As we roll into summer, the days are getting longer. With daylight savings time, sunset is really late. For most families, especially those with little children, it is really inconvenient to begin the Friday night meal at 9:00 or 9:30. So, many people take advantage of the halakha that permits us to begin Shabbat on Friday afternoon after pelag haminha.
Pelag haminha means 1 and ¼ hrs. (sha’ot zemaniyot – seasonal hours) before the end of the day. Ashkenazic Jews compute sha’ot zemaniyot as twelve equal time periods between sunrise and sunset. Sefardic Jews compute them between dawn and dusk, and so it important to pay attention to the difference regarding pelag haminha. According to my calculations, for the New York area, pelag haminha for Ashkenazic Jews in the beginning of June is about 6:50, while for us it is about 7:15.

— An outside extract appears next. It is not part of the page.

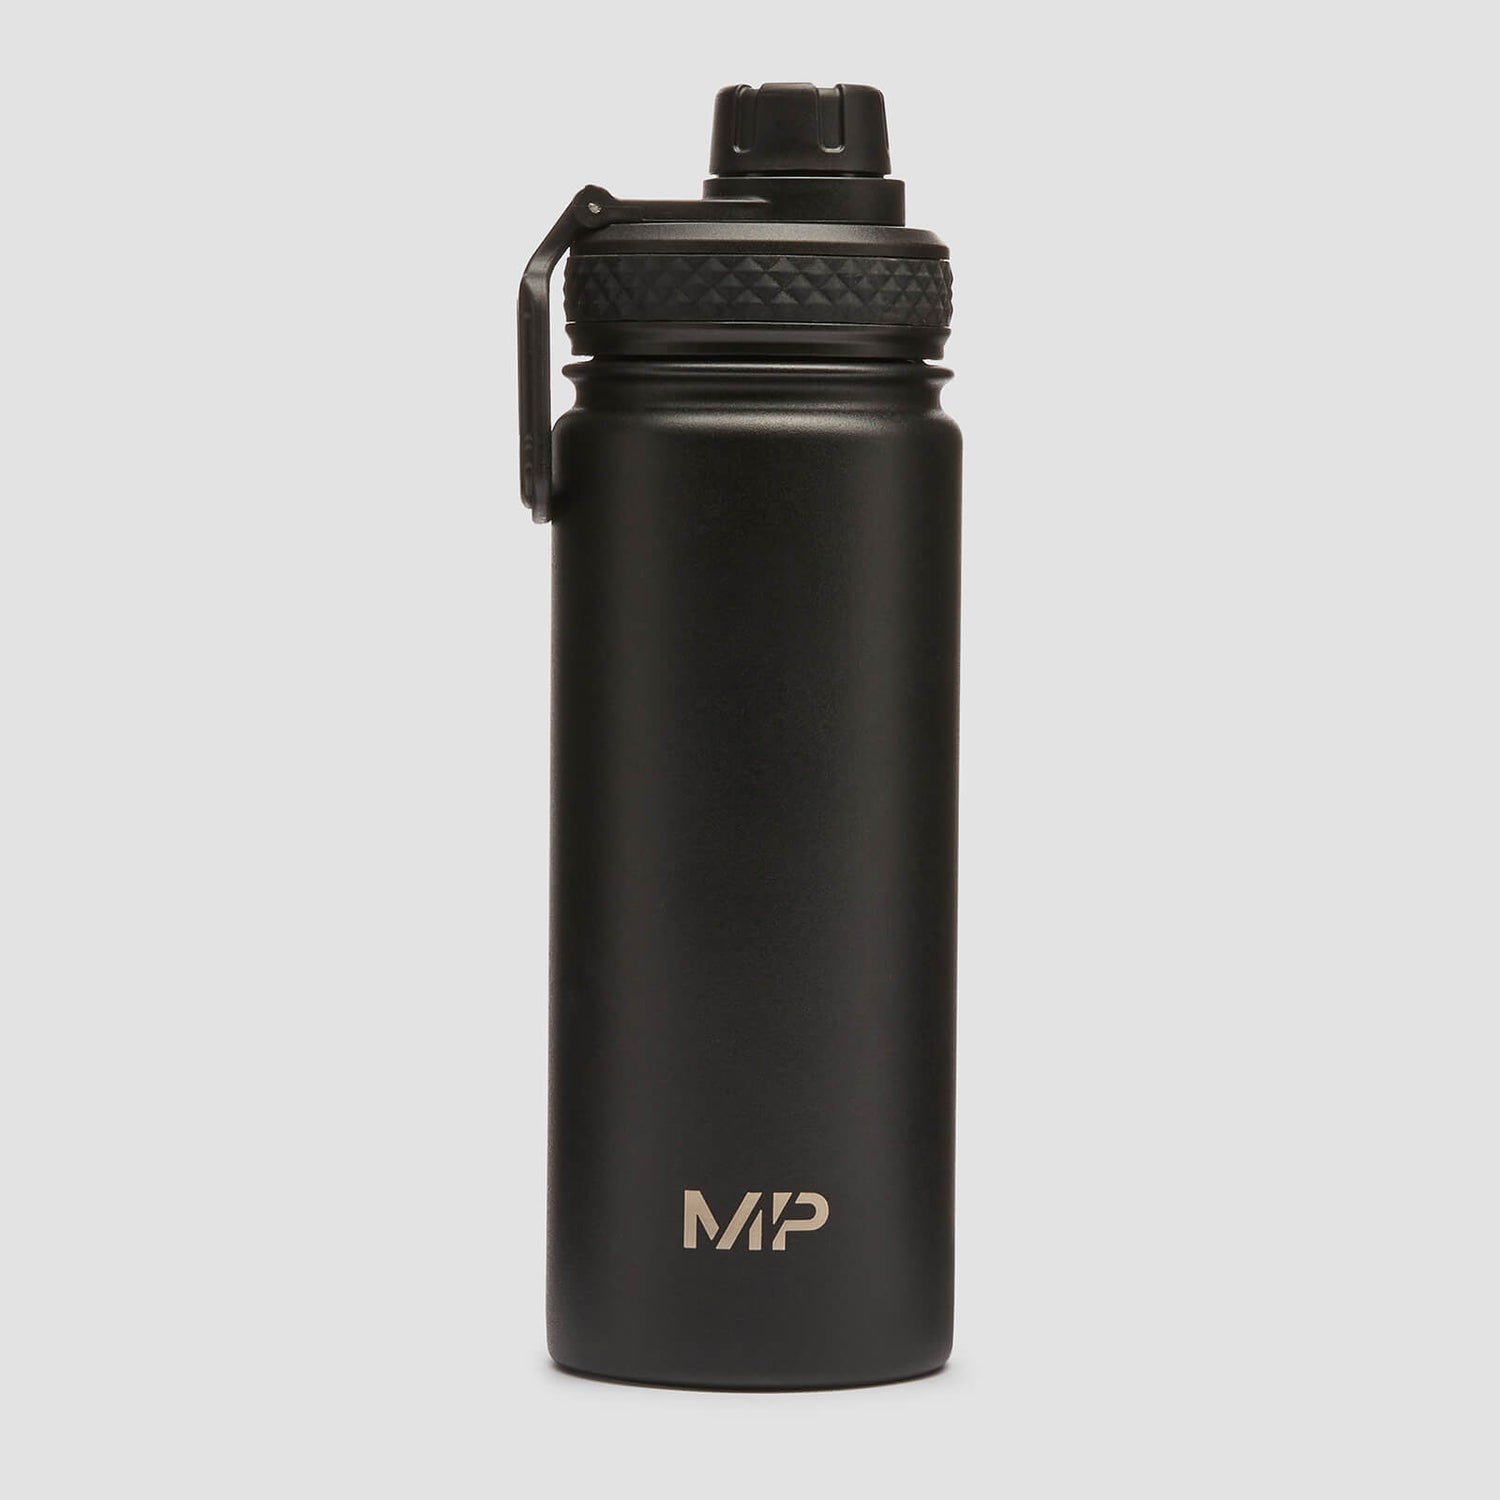 MP ミディアム メタル ウォーター ボトル - ブラック - 500ml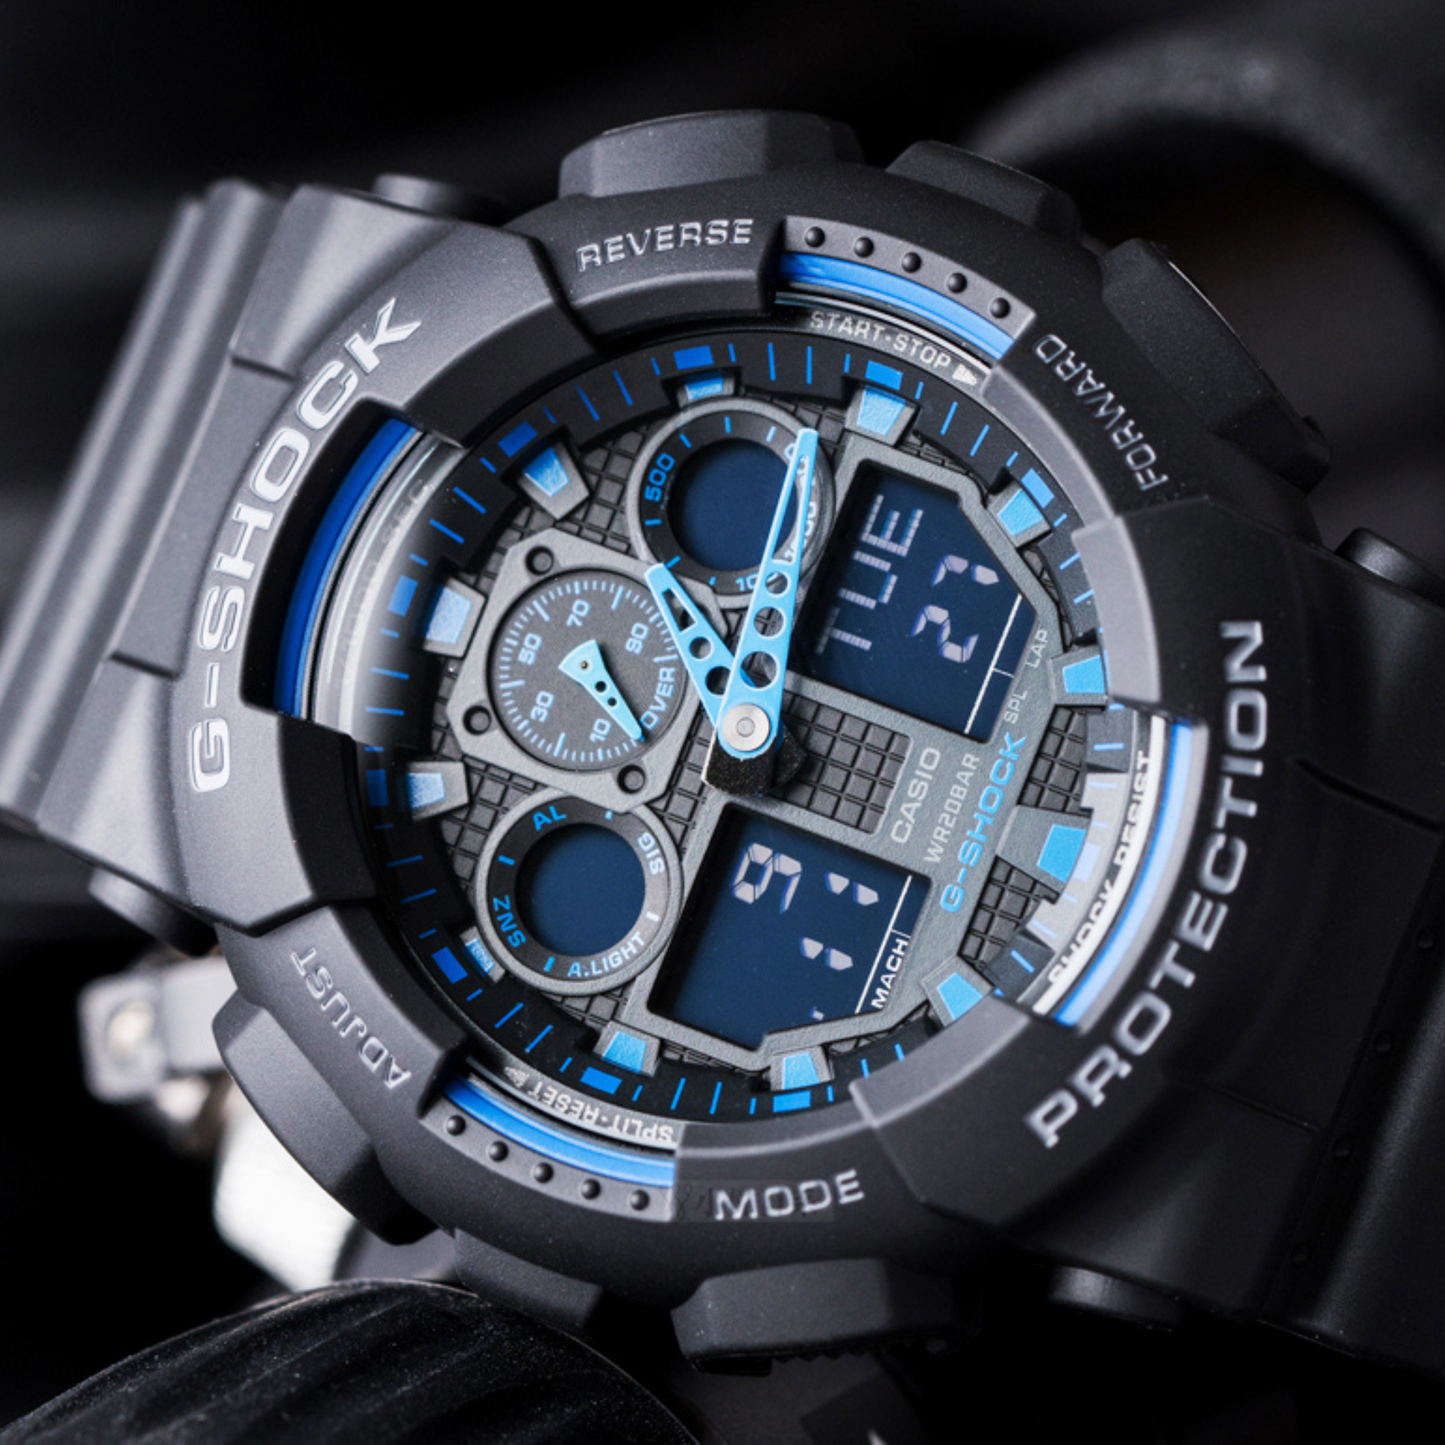 Reloj G-Shock Digital Hombre GA-100-1A2DR

That means that we could finish the Friday evening prayers and be home by 7:45, so that we can begin the meal well before sunset. Of course, that is true if the table is set, the candles are lit and the food is ready. Someone might come home and find the table piled with stuff and food cooking on the stove. He began Shabbat half an hour ago, but his family hasn’t gotten there yet.
“Excuse me,” he begins with a smile, “but weren’t you supposed to light the candles long ago?”
“No, I couldn’t possibly have done so,” his wife replies. “I haven’t finished the cooking and it’s still forty minutes to sunset.”
She’s absolutely right. Normally we say that after a Sefardic woman lights her Shabbat candles, she can then continue her work as long as she finishes a couple of minutes before sunset. She doesn’t even have to declare her intentions to continue working after lighting. This is the ruling of the Shulhan Arukh (263:6), concurring with the great majority of the Poskim. But this is true only if she lights her candles within the last half hour before sunset. If she wishes to light them earlier than that, she will have to cease working and begin Shabbat when she lights them.
Maran explained the reason for this in his Bet Yosef (Siman 263). It must be clear to an onlooker that the lights are being kindled for Shabbat’s honor. If there is less than half an hour to sunset, this is obvious. If it is earlier than this and a woman lights the candles and goes back to cooking, there is no indication that she lit them for Shabbat’s honor. She must therefore begin Shabbat immediately upon lighting them, thus demonstrating that the candles have been lit for Shabbat’s honor and not for some other purpose.
The earliest moment it is possible to do this, however, is at pelag haminha. If the family needs to leave home earlier in the day and will not return until Shabbat has started, candles can be lit but no blessing may be recited for kindling them. If someone is home and mistakenly lit the candles earlier than pelag haminha intending to begin Shabbat at that time, his actions are entirely invalid. He must extinguish the lights and kindle them again at the proper time. He must not repeat the blessing, however.
Another practical example of this halakhah is a couple who is invited to their parents’ home for the Friday night meal. The young woman wishes to light her candles, pack the car and drive across the neighborhood. After the meal, they will walk home in time to see the candles before they go out. She uses extra-long candles or extra oil to make sure that they will still be burning when she arrives home.
This plan is good only if she lights the candles within the last half hour before sunset. If she wishes to light them earlier, she will have to begin Shabbat at that time and then she will not be able to drive afterward.
Many people claim that the custom in Yerushalayim is to kindle Shabbat lights forty minutes before sunset. Actually, this has no basis in the halakha, and as explained here such a practice can cause problems. We have testimony that the great hakham Harav Yaakov Hayim Sofer (author of Kaf Hahayim) and the Rosh Hayeshiba Harav Ezra Attia kindled Shabbat lights no earlier than twenty minutes before sunset.
You can find all these rules and halakhot in the Yalkut Yosef Shabbat English Edition (Vol. I, pp. 174-177).